Severe trauma is a recognised risk factor for developing acute acalculous cholecystitis (AAC), which is associated with a high mortality rate. The sonographic features of AAC have been well described in the literature and debate continues over its definitive management. We present the case of a 52-year old man who presented with right upper quadrant pain three days after sustaining blunt abdominal trauma.
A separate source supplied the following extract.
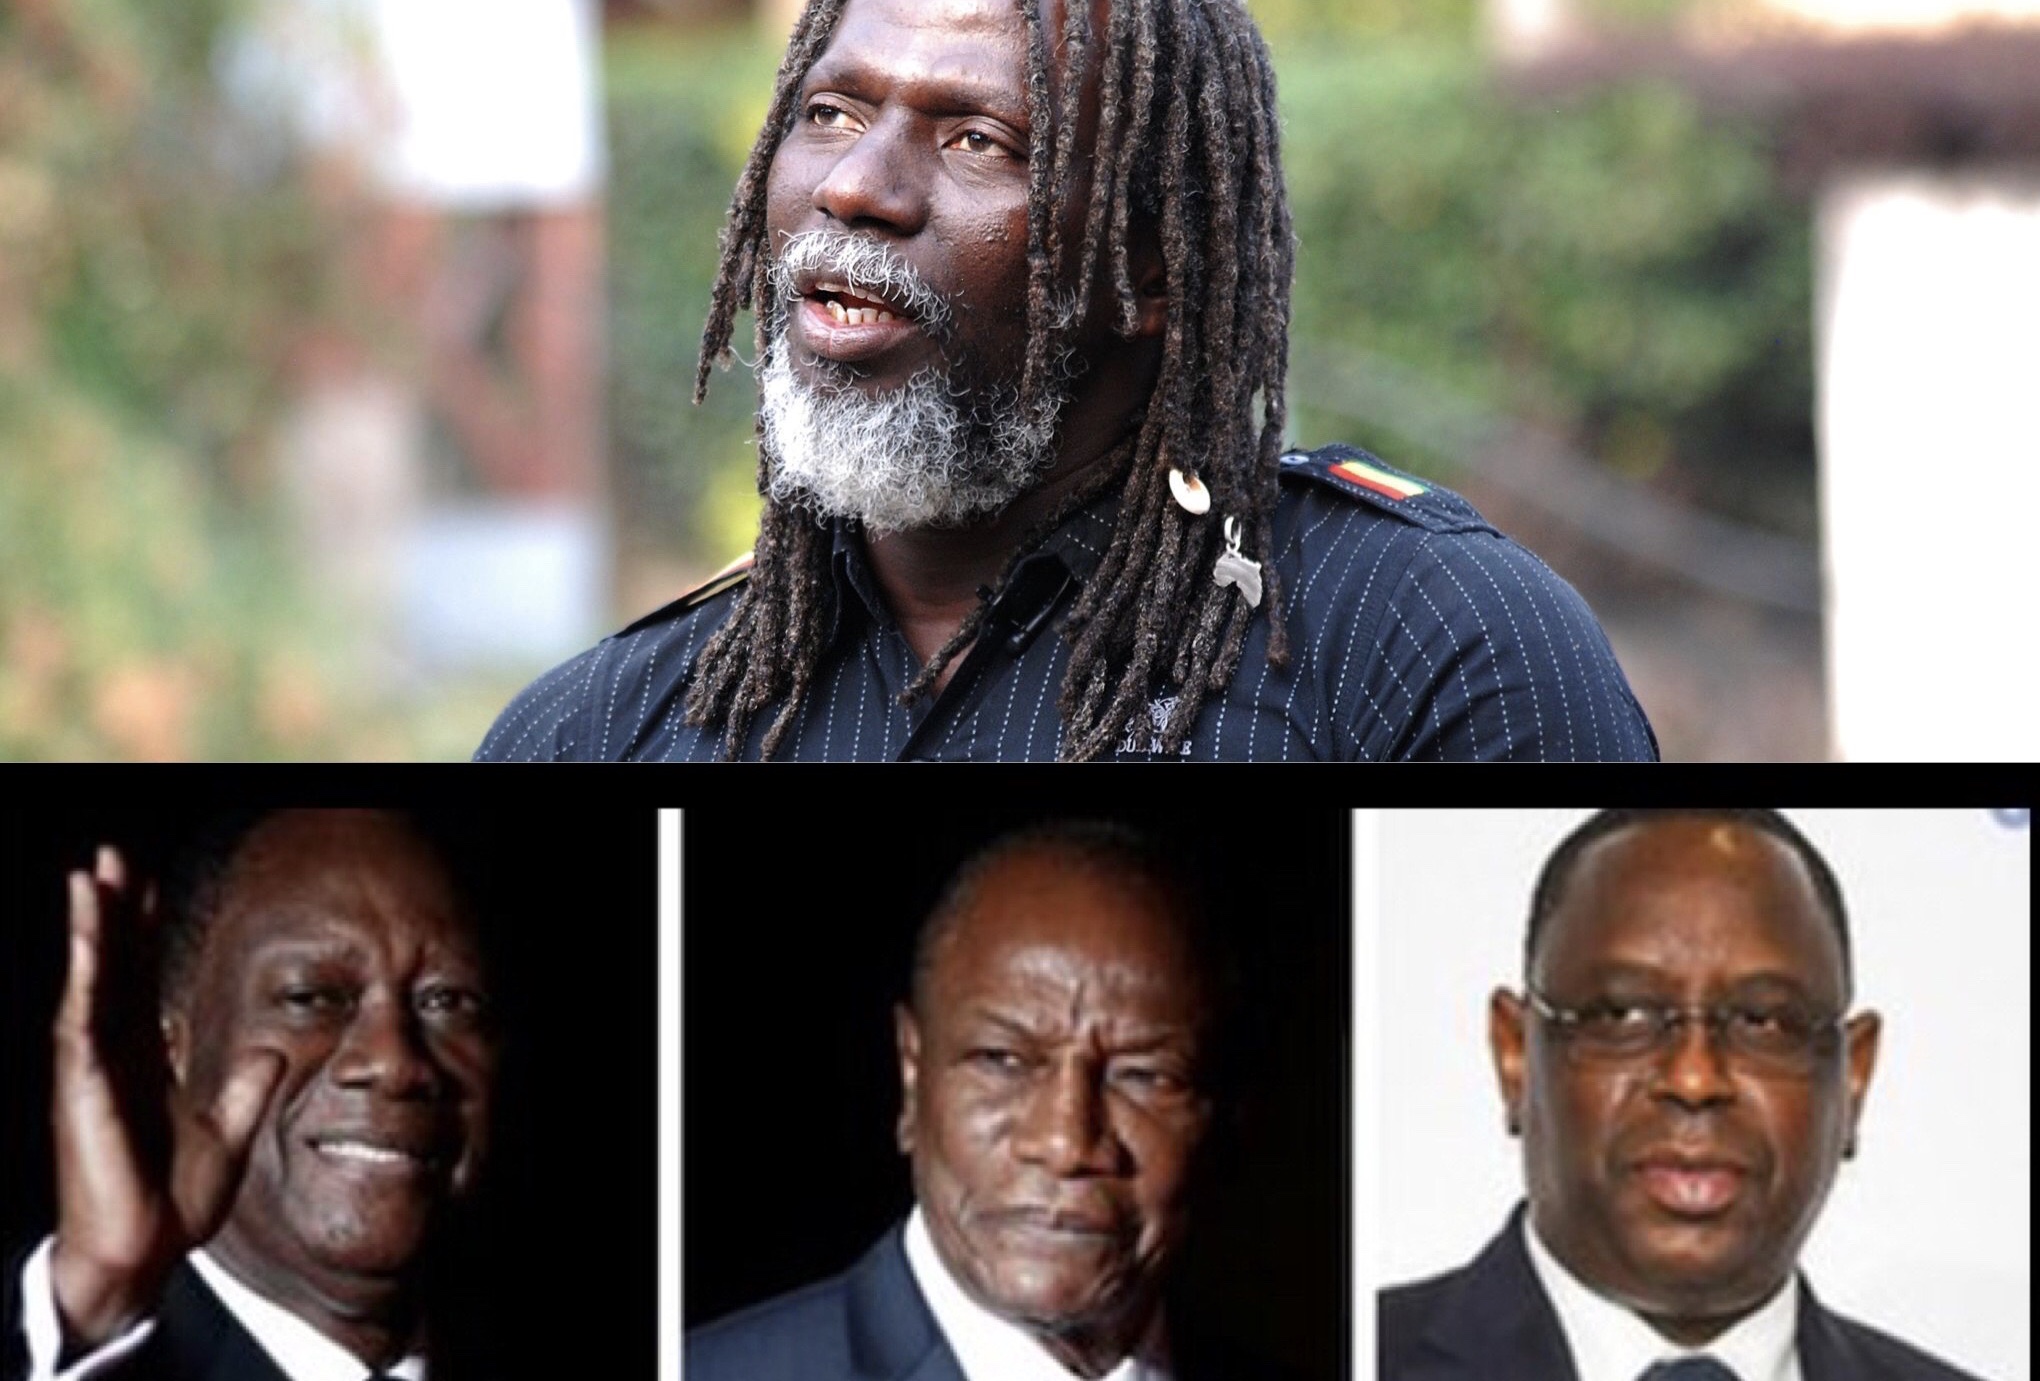 Afrique de l’Ouest: Ambition de 3e mandat, les avertissements de Tiken Jah Fakoly à Sall, Ouattara et Condé

Leucocytosis with neutrophilia and an elevated CRP level were noted on haematological investigation. The liver function tests and amylase were within normal limits. Radiological investigations using ultrasound scan and computed tomography demonstrated gallbladder features suggestive of AAC. The patient was managed with intravenous antibiotics and simple analgesia and did not require any surgical or radiological intervention. Follow-up ultrasound scan, performed three months after the initial presentation, demonstrated a tortuous acalculous gallbladder. Despite a delayed presentation and a low Injury Severity Score, a high index of clinical suspicion for AAC should be maintained given the history of significant trauma.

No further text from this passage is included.